Session Chair: Prof. Dr. Dan Zhang

Prof. Dr. Jose A Antonino-Daviu Department of Electrical Engineering, Universitat Politècnica de València, Spain

Short Bio

Jose Antonino-Daviu received the M.Sc. and Ph.D. degrees in electrical engineering, both from the Universitat Politècnica de València, Valencia, Spain, in 2000 and 2006, respectively. He has worked for IBM, involved in several international projects. He is currently a Full Professor in the Department of Electrical Engineering, Universitat Politècnica de València. He was an Invited Professor at Helsinki University of Technology, Finland, in 2005 and 2007, Michigan State University, USA, in 2010, Korea University, South Korea, in 2014, Université Claude Bernard Lyon 1, France, and Coventry University, U.K., in 2016. He is a coauthor of more than 200 papers published in technical journals and conference proceedings. He is also the coauthor of one international patent.
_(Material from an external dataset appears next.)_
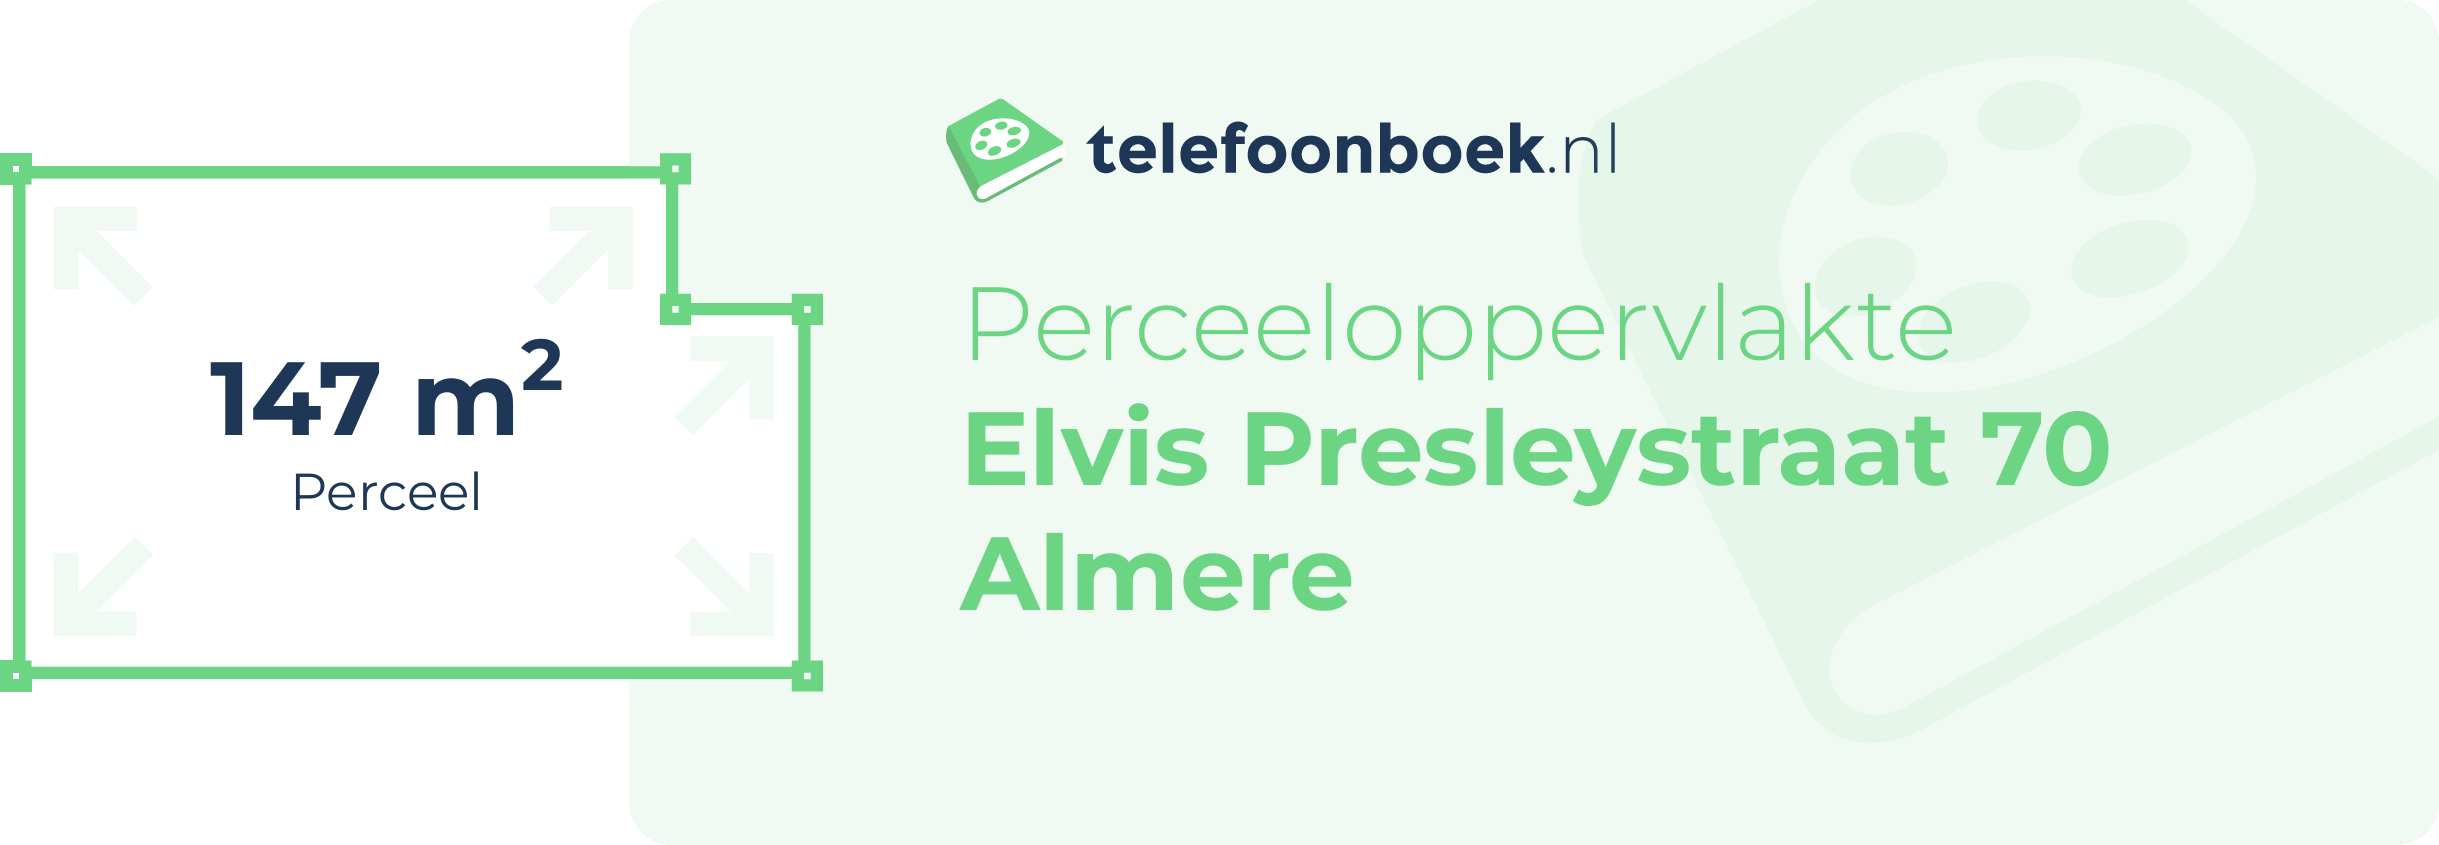 Perceeloppervlakte Elvis Presleystraat 70 Almere
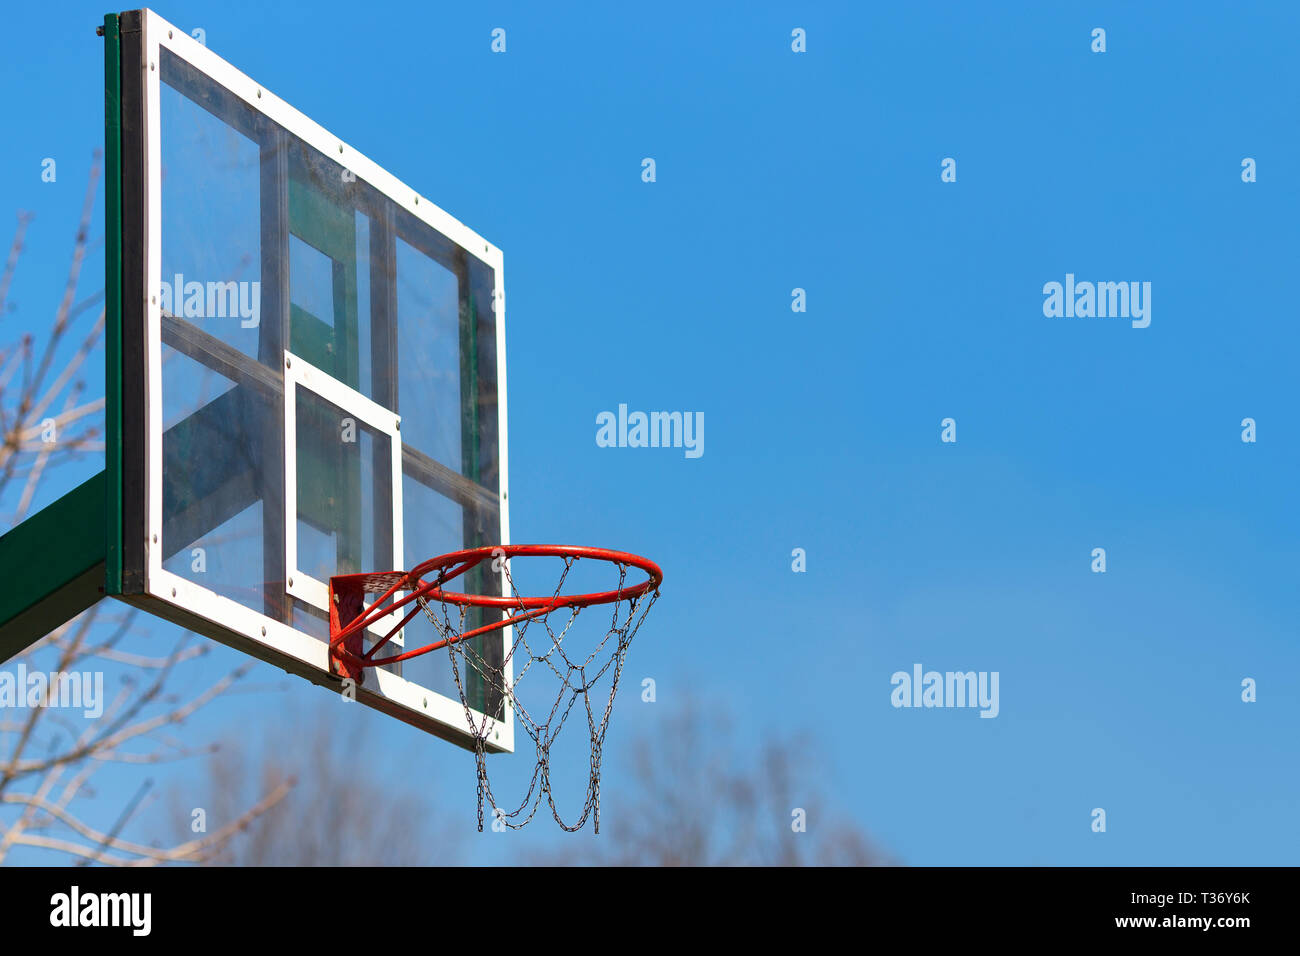 Closeup Basketballkorb outdoor auf blauen Himmel Hintergrund Stockfoto

Dr. Antonino-Daviu is an Associate Editor of the IEEE TRANSACTIONS ON INDUSTRIAL INFORMATICS, IEEE INDUSTRIAL ELECTRONICS MAGAZINE and IEEE Journal of Emerging and Selected Topics in Industrial Electronics. He received the IEEE Second Prize Paper Award of the Electric Machines Committee of the IEEE Industry Applications Society (2013). He also received the Best Paper Award in the conferences IEEE ICEM 2012, IEEE SDEMPED 2011 and IEEE SDEMPED 2019 and the “Highly Commended Recognition” of the IET Innovation Awards in 2014 and in 2016. He was the General Co-Chair of SDEMPED 2013 and is a member of the Steering Committee of IEEE SDEMPED. He is also General Co-Chair of ICEM’2022 and Member of the ICEM Administrative Committee. In 2016, he received the Medal of the Spanish Royal Academy of Engineering (Madrid, Spain) for his contributions in new techniques for predictive maintenance of electric motors. In 2018, he has been awarded with the prestigious ‘Nagamori Award’ from the Nagamori Foundation (Kyoto, Japan). In 2019, he received the SDEMPED diagnostic achievement Award (Toulouse, France) for his contributions to electric motors advanced diagnosis.

Proposed presentation title: Transient-based fault diagnosis of electric motors based on the analysis of electrical signals

Abstract of the speech

Over recent years, traditional methods for condition monitoring of electric motors that rely on the analysis of electric signals (currents or fluxes) under steady-state have been complemented, and in some cases replaced, by modern methodologies relying on the analysis of these signals under steady-state operation of the machine. This talk explains the foundations of these techniques and the main advantages that they can provide (avoidance of false indications, higher reliability…). The main options for the application of transient-based diagnosis methods are exposed and several application examples will be commented.

Prof. Makoto Iwasaki IEEE Fellow Department of Electrical and Mechanical Engineering, Nagoya Institute of Technology, Japan

Short Bio

Makoto Iwasaki received the B.S., M.S., and Dr. Eng. degrees in electrical and computer engineering from Nagoya Institute of Technology, Nagoya, Japan, in 1986, 1988, and 1991, respectively. Since 1991, he has been with the Department of Computer Science and Engineering, Nagoya Institute of Technology, where he is currently a Professor at the Department of Electrical and Mechanical Engineering.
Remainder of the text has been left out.